Answer: Therefore, the reduced row echelon form for the matrix shown is:
[0 1 0 0 3]
[0 0 0 0 0]
[0 0 0 0 0]
[0 0 0 0 0]
Explanation:
To determine the reduced row echelon form of the given matrix, we need to perform row operations to simplify the matrix as much as possible.
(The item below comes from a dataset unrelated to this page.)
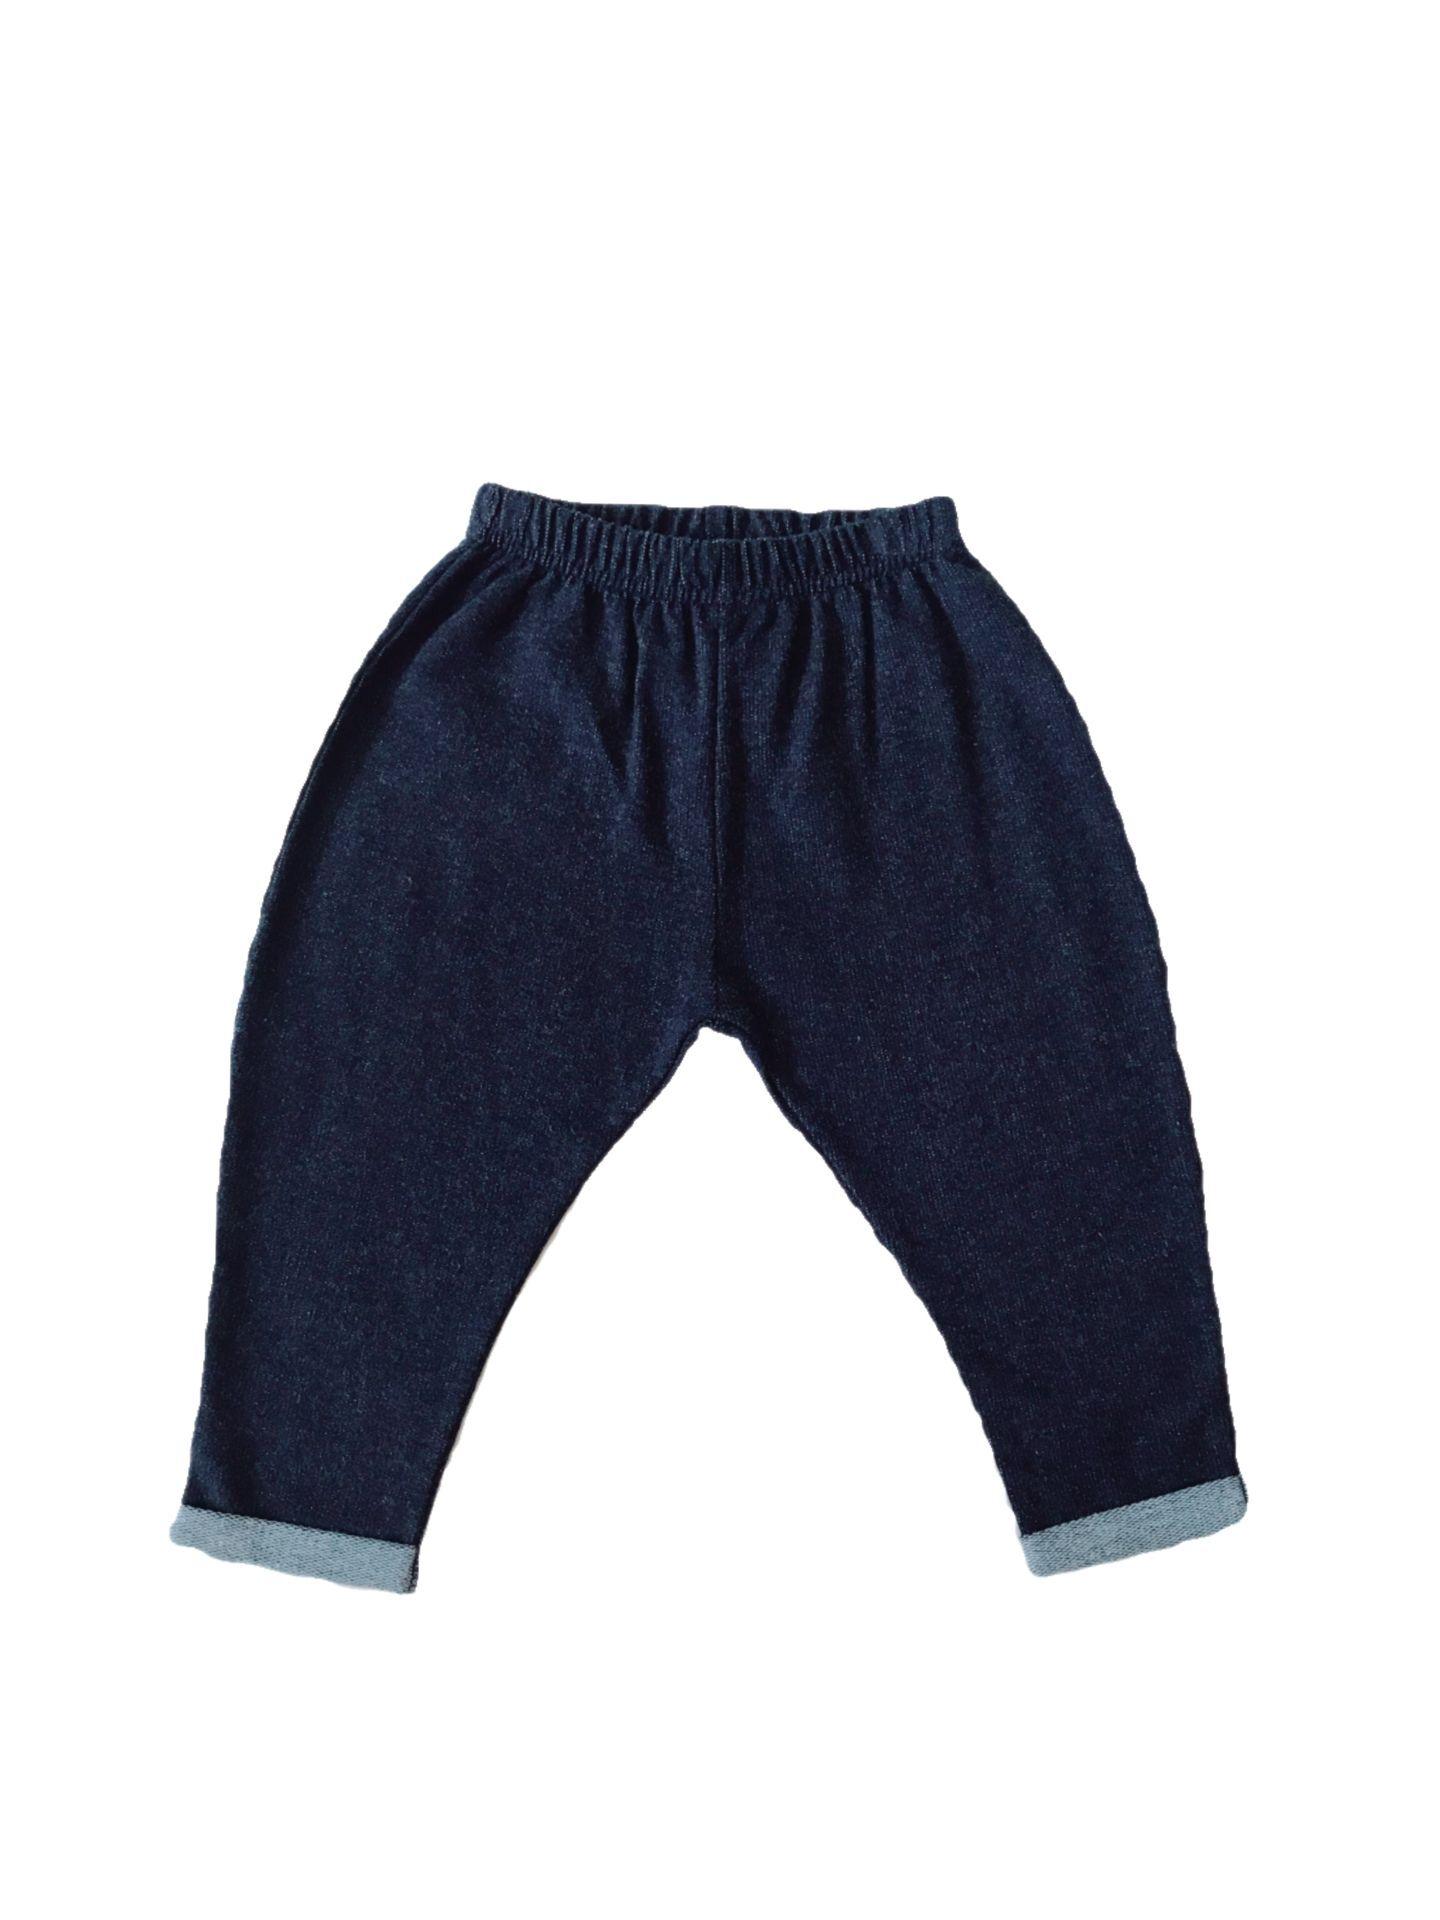 BABY DROP CROTCH DENIM TERRY PANTS

Let's denote the matrix as:
[a b c d e]
Using the given options (A, B, C, D), we can test each one and see which option results in the reduced row echelon form.
Option A:
3 4 0 -5 11
- Perform row operations to simplify the matrix:
- R1 → R1/3 (divide the first row by 3)
- R2 → R2 - 4R1 (subtract 4 times the first row from the second row)
- R3 → R3 + 5R1 (add 5 times the first row to the third row)
- R4 → R4 + 11R1 (add 11 times the first row to the fourth row)
After performing these row operations, the matrix becomes:
[1 4/3 0 -5/3 11/3]
[0 -4 -1 5 -1]
[0 -5 3 0 8]
[0 -19 11 0 22]
Option B:
1 0 0 2 5
- Perform row operations to simplify the matrix:
- R1 → R1 - 3R2 (subtract 3 times the second row from the first row)
- R2 → R2 + 4R1 (add 4 times the first row to the second row)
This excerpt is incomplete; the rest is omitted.